→ TASK REQUIREMENTS:
Copy all the lines of the listing below exactly. Skip the images.

== DATA EXCERPT

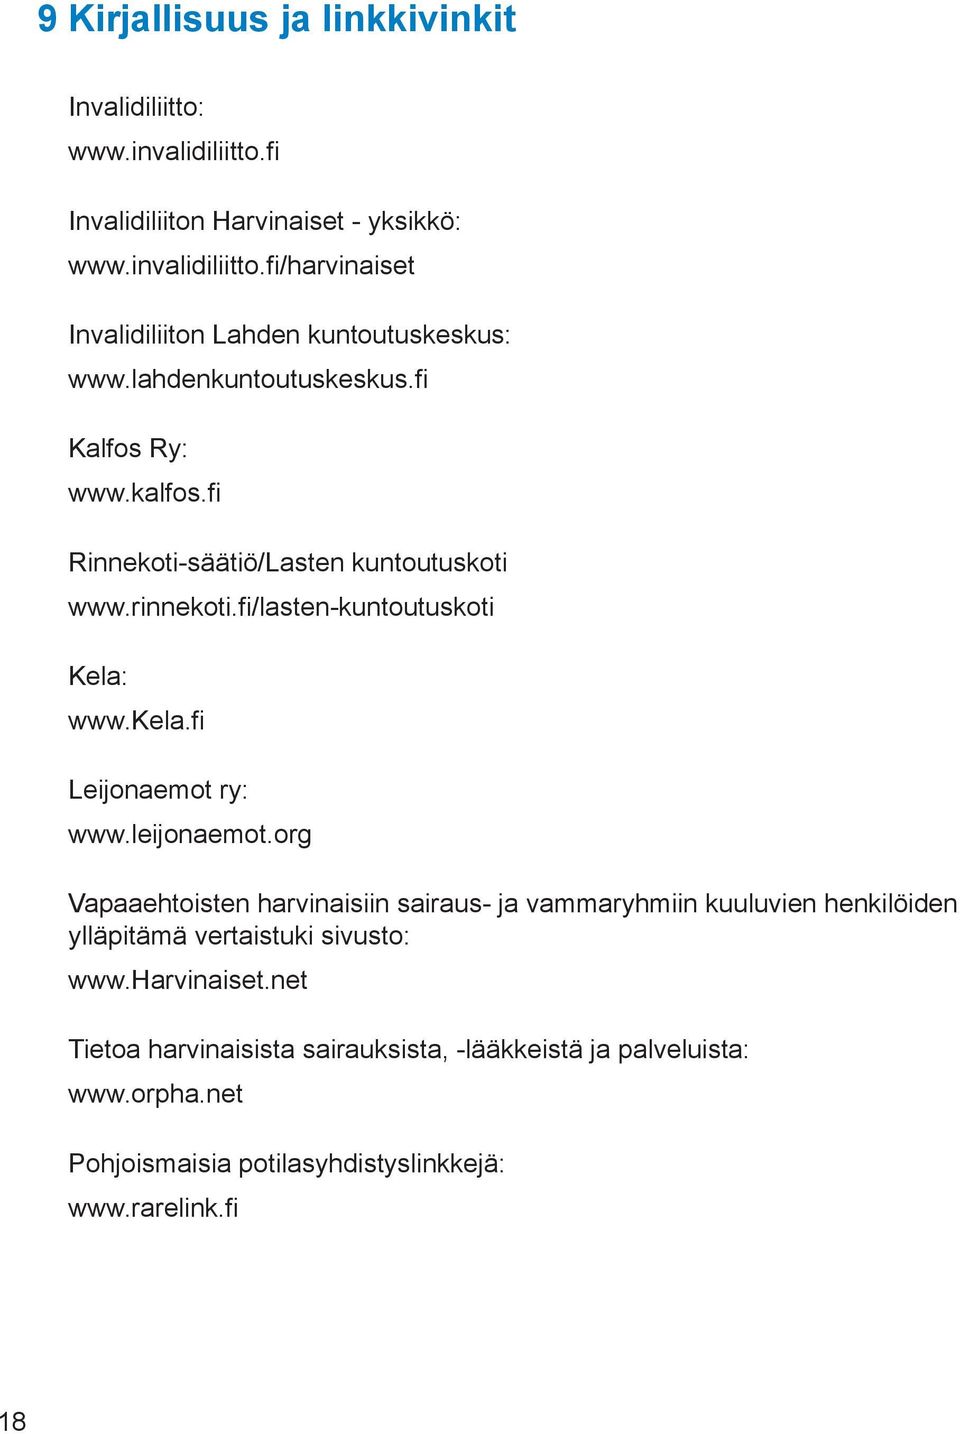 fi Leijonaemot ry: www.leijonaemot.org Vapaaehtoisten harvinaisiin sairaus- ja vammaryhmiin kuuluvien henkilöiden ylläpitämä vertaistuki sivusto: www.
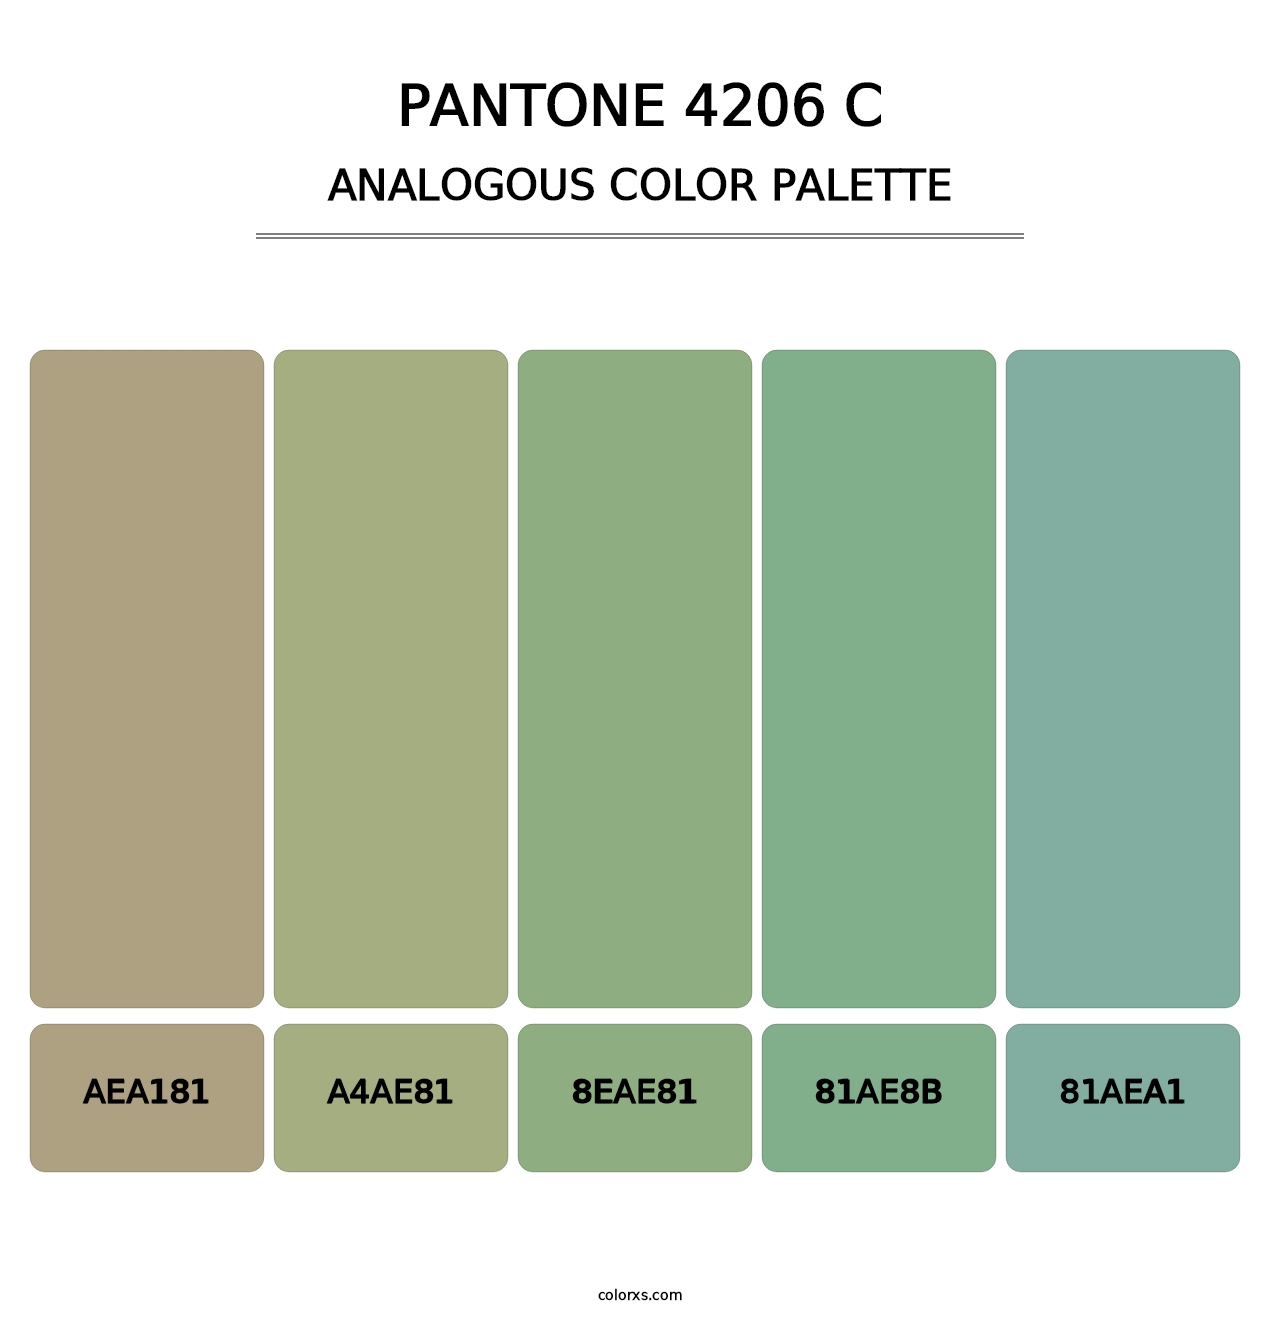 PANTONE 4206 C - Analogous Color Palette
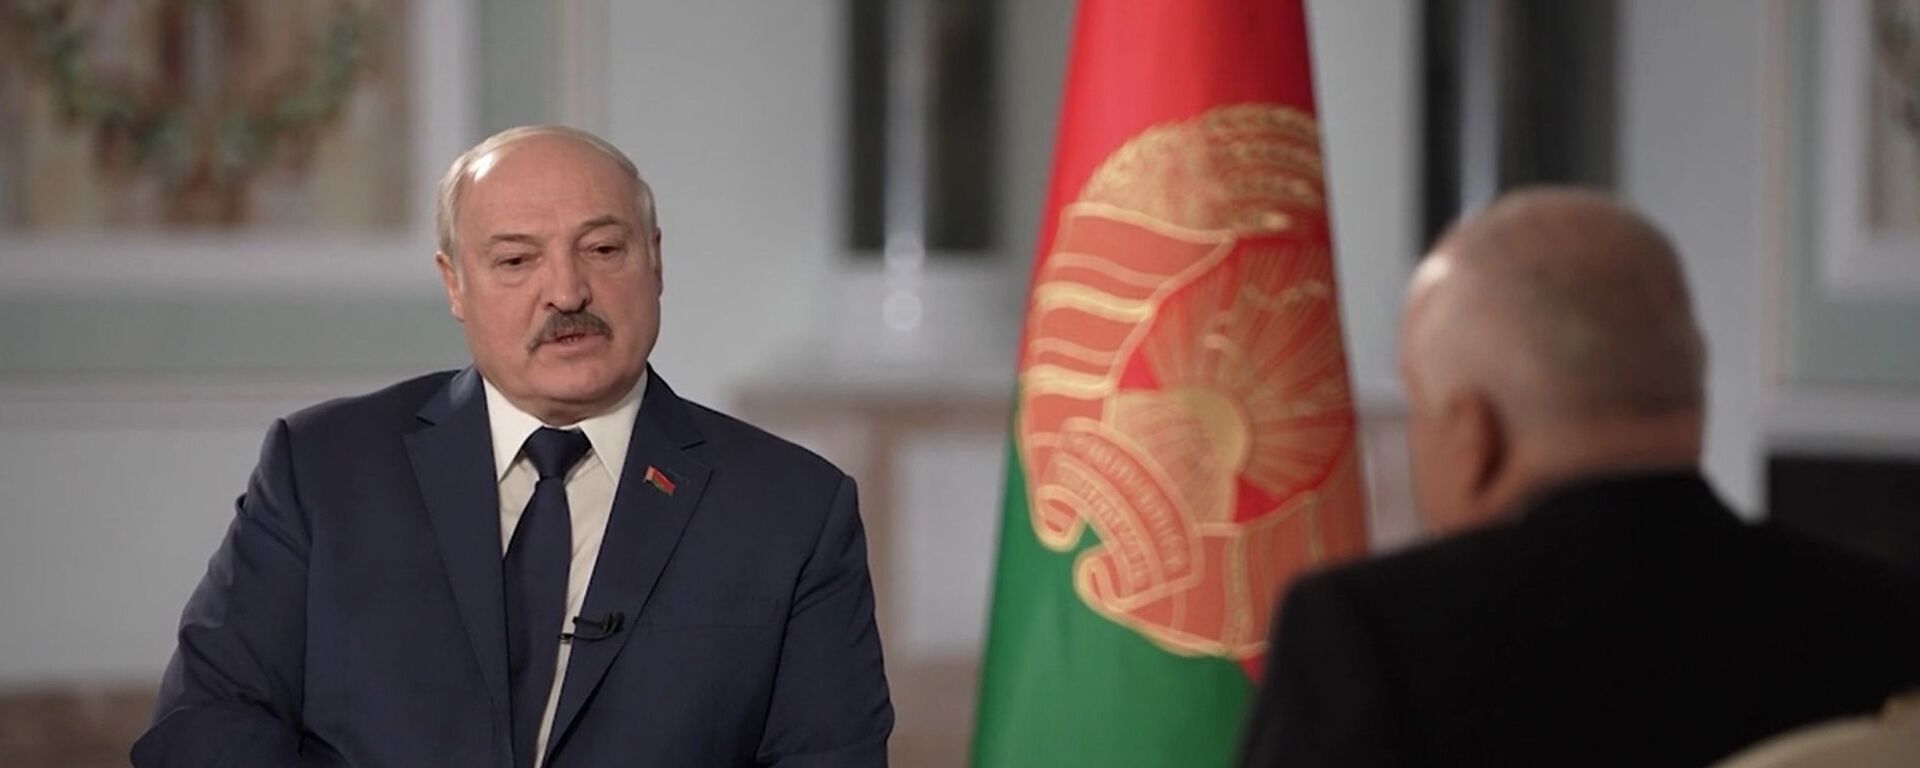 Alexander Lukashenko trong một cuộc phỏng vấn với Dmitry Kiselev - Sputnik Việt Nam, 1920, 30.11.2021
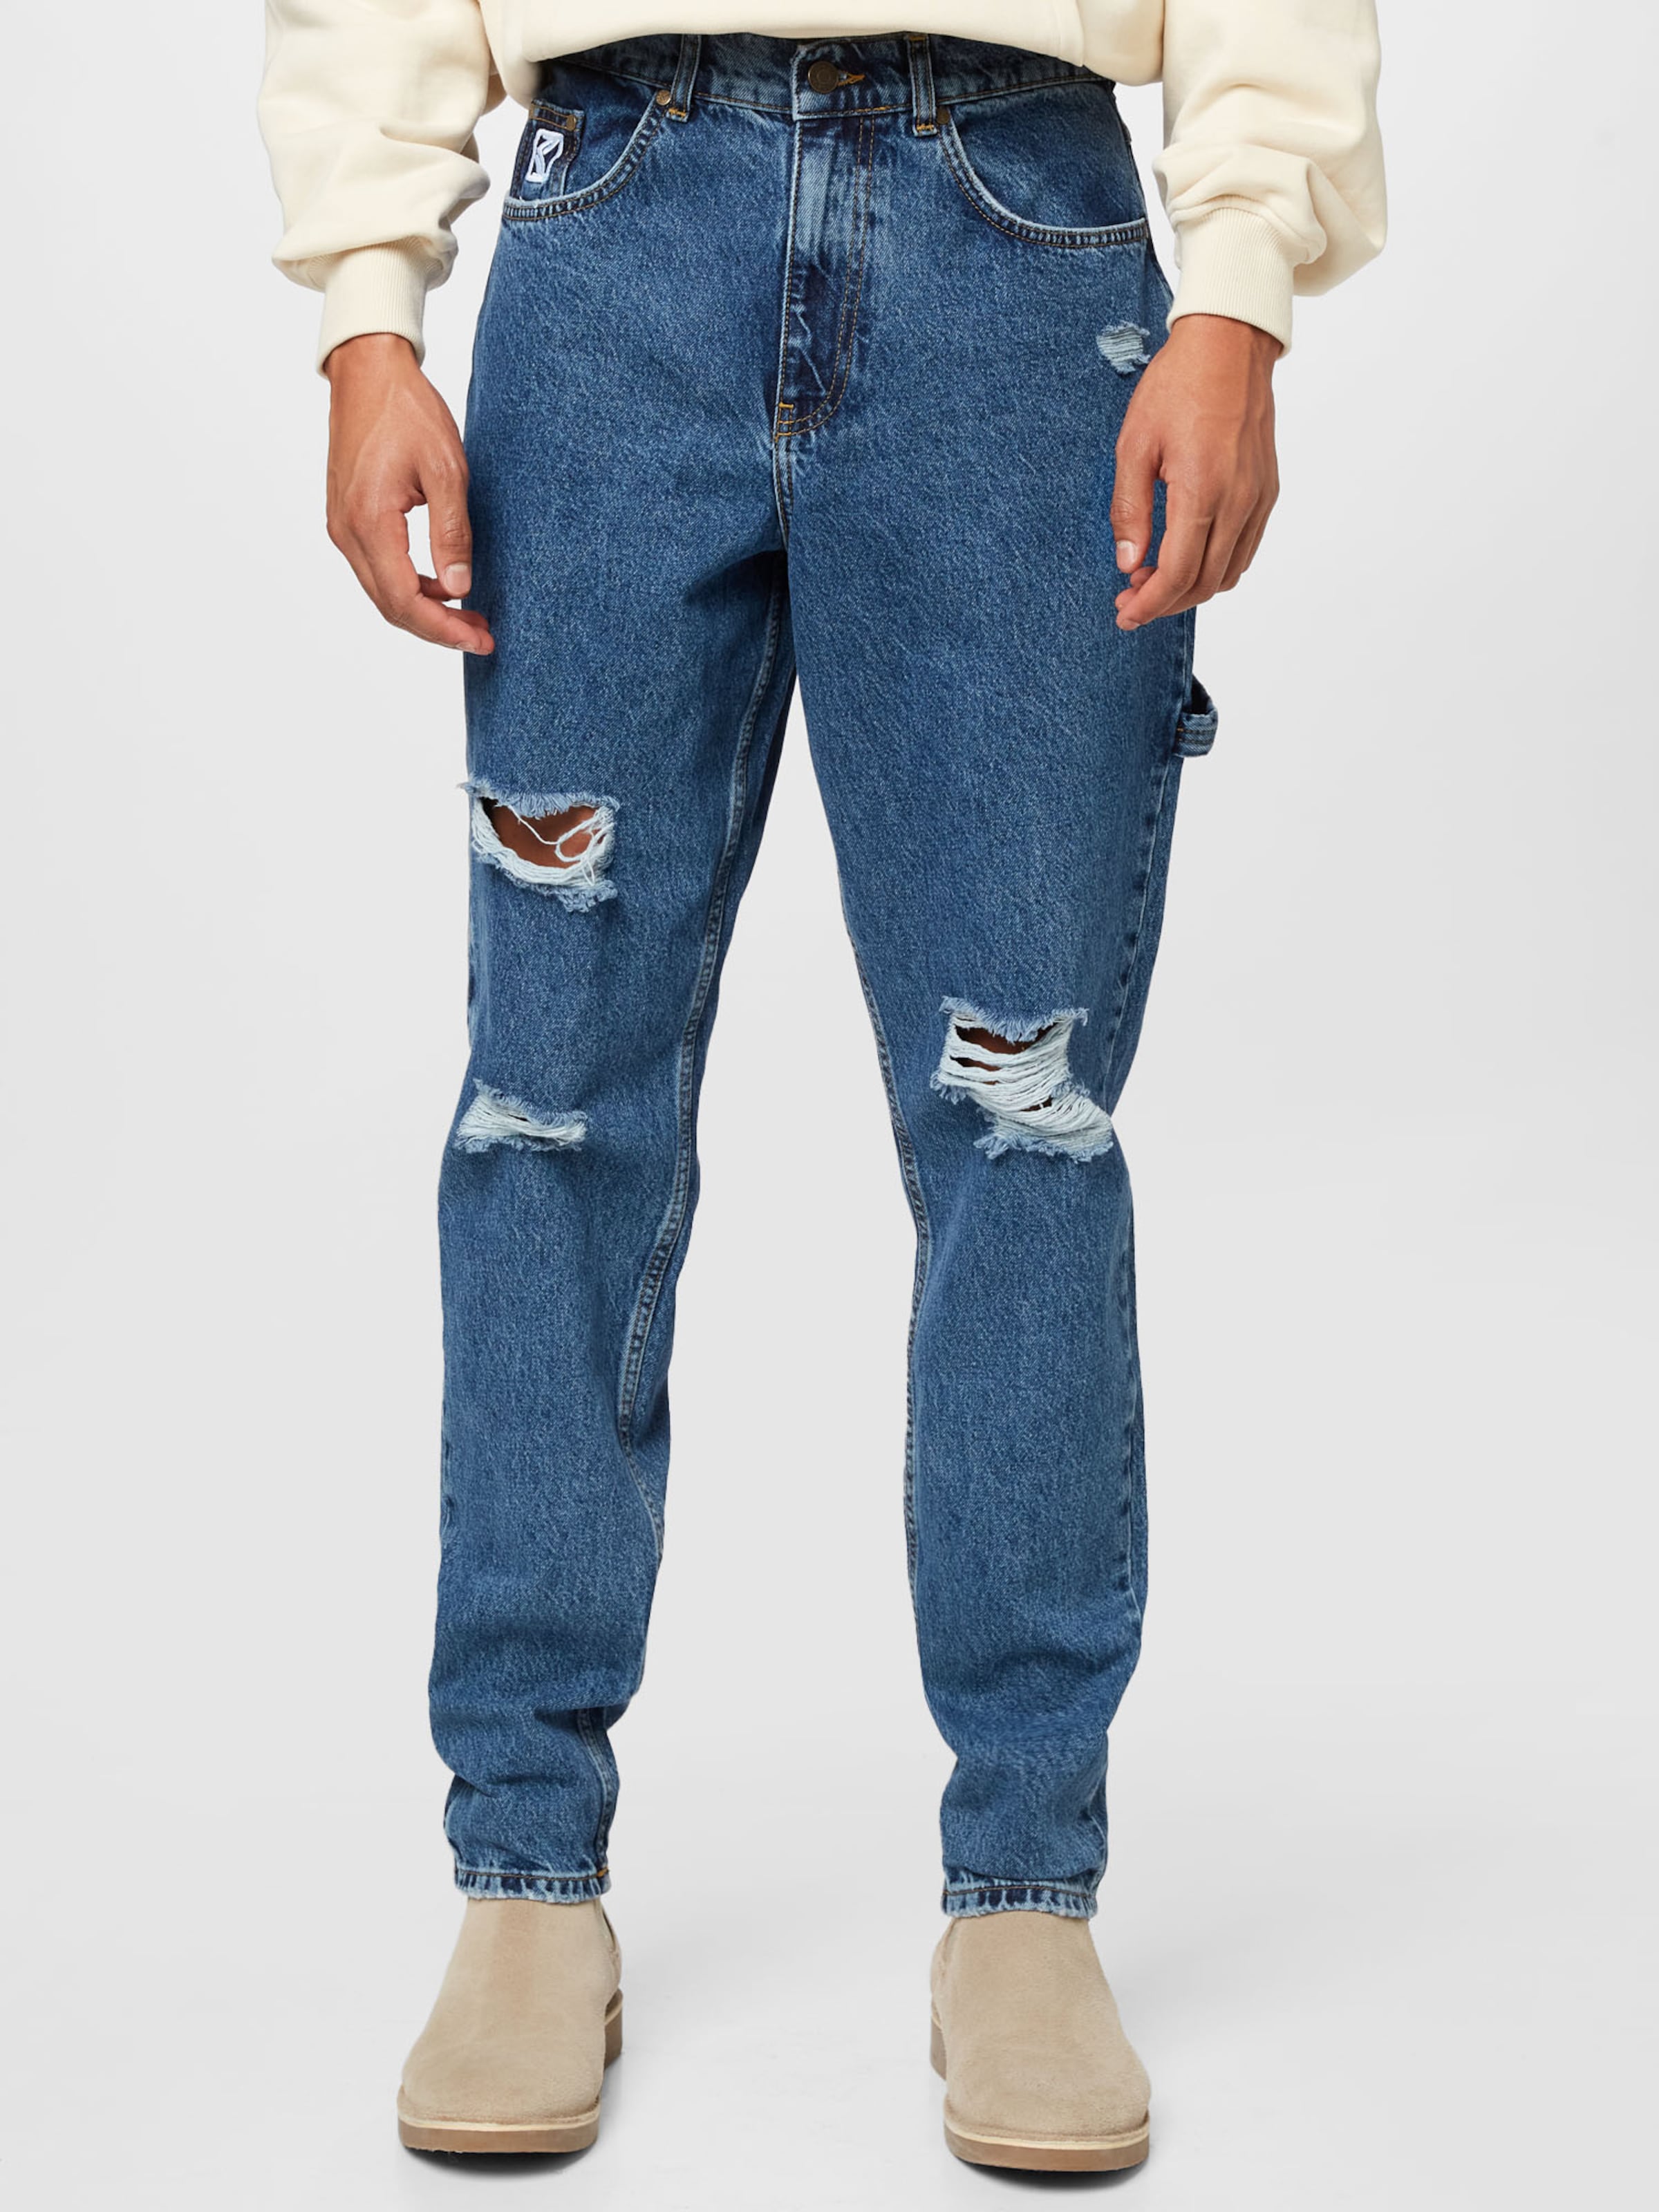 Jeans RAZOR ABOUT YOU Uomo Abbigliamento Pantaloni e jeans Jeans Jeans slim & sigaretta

====

→ ANSWER TO THIS PROBLEM:
 fi Leijonaemot ry: www.leijonaemot.org Vapaaehtoisten harvinaisiin sairaus- ja vammaryhmiin kuuluvien henkilöiden ylläpitämä vertaistuki sivusto: www.
 PANTONE 4206 C - Analogous Color Palette
 Alexander Lukashenko trong một cuộc phỏng vấn với Dmitry Kiselev - Sputnik Việt Nam, 1920, 30.11.2021
 Jeans RAZOR ABOUT YOU Uomo Abbigliamento Pantaloni e jeans Jeans Jeans slim & sigaretta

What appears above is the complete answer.